If you find yourself in a difficult financial situation with multiple debts you can’t afford to pay, it is time you consider a debt consolidation loan. A debt consolidation loan is a loan you can borrow from a bank or another financial institution to pay out your other debts. In this case you get free from multiple debts to numerous lenders, instead you have a single loan. It’s a viable debt relief solution for people in bad debt situations.

Let us see what different types of debt consolidation loans are offered by different financial institutions. A debt consolidation loan can either be secured or unsecured. A secured debt consolidation loan requires collateral in order to obtain the necessary amount. In most cases people put their homes as collateral to take out the debt consolidation loan. In case of an unsecured debt consolidation loan, there is no requirement of collateral, this type of loan is based on the character and capacity of the debtor to pay out the loan. Now let us dwell on the reasons why people opt for the debt consolidation loan:

  • you have multiple debts to various lenders and you have difficulty sending checks to various creditors on different dates;
  • you face the problem of prioritizing your payments to multiple creditors, because you can’t afford to pay them all;
  • you can’t stay current on the payments;
  • you have multiple debts with various interest rates, and you would like to have a single interest rate and a single loan;
  • you would like to lower your monthly payments;
  • you are a home owner and would like to leverage your home’s value in order to pay your credit card debts, store card debts and etc.

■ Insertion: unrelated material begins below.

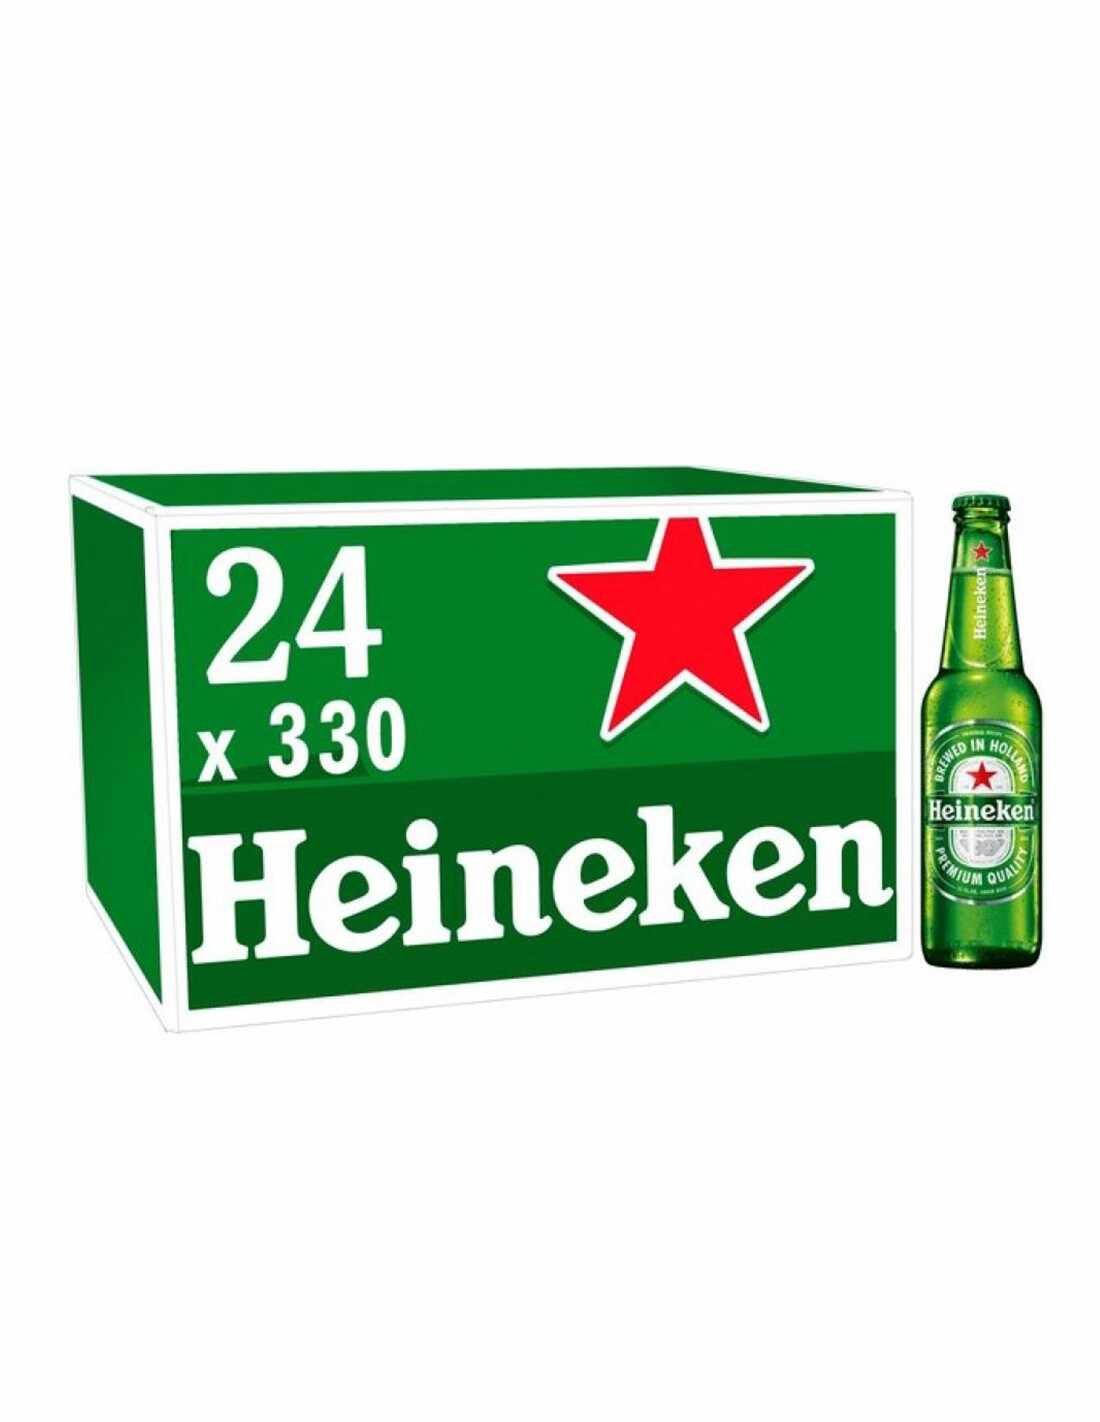 Bax 24 bucati bere blonda, filtrata, Heineken, 5% alc., 0.33L, sticla, Romania

In order to qualify for a debt consolidation loan you need to present the following documents to the financial institution:

  • a copy of your monthly family budget. The financial institution has to determine whether you meet your loan repayment plan;
  • a document certifying your steady income that allows you to repay the loan;
  • in some cases a co-signor or collateral (a house or a car).

Before you go for a debt consolidation loan you should make some important verification. First of all, avoid companies that charge big fees before they offer you any kind of services. Mind that there are plenty of fraudulent companies willing to take advantage of your situation. Evaluate the interest rate on the debt consolidation loan of your choice. Mind that the secured loan has smaller interest rate that the unsecured debt consolidation loan. Also make sure that you’ll be paying a less monthly payment than you were paying on your multiple debts.

Before you opt for the debt consolidation loan you must ask your financial expert about the effect on your credit score. Avoid lenders who do not give consultations on this issue. Once you decide that a debt consolidation loan is the right solution for you, you should assess your financial situation and the total amount of debt you owe. You need to work out a monthly budget, where you can see the total amount of income you have, the spending and emergency cases. You must have a clear idea of how much you would like to borrow as a debt consolidation loan and will you be able to pay the given amount, because if you fail to do so, it will affect your credit score adversely.

So, a debt consolidation loan can actually get you out of debt, but only if you stay self-disciplined, stick to the budget and stop overspending. In case you continue with the lifestyle that brought you in debt up to your eyeballs, then in two or three years you will find yourself in a situation far worse.

Summarizing the above-said, let us see the advantages of a debt consolidation loan:

  • all your multiple debts with various high interest rates are combined into a single loan with a lower interest rate;
  • you finally pay out your current debts;
  • a single payment with a single interest rate helps you manage your budget better, helps you cut off the late or missed payments;
  • you only deal with one lender, so there are no more harassing creditors on the phone.

However, there are some disadvantages, too: 

  • a lower interest rate implies smaller amount of monthly payments, but a longer repayment period;
  • if you wish a small interest rate you have to pledge your house or a car, but remember that if you fail to pay out you may lose your assets;
  • a big loan on your record can sometimes affect adversely your credit score;
  • a debt consolidation loan offers debt relief for your existing debts, but it doesn’t solve the problem of poor spending habits and inability to stick to the budget and live a life you can afford.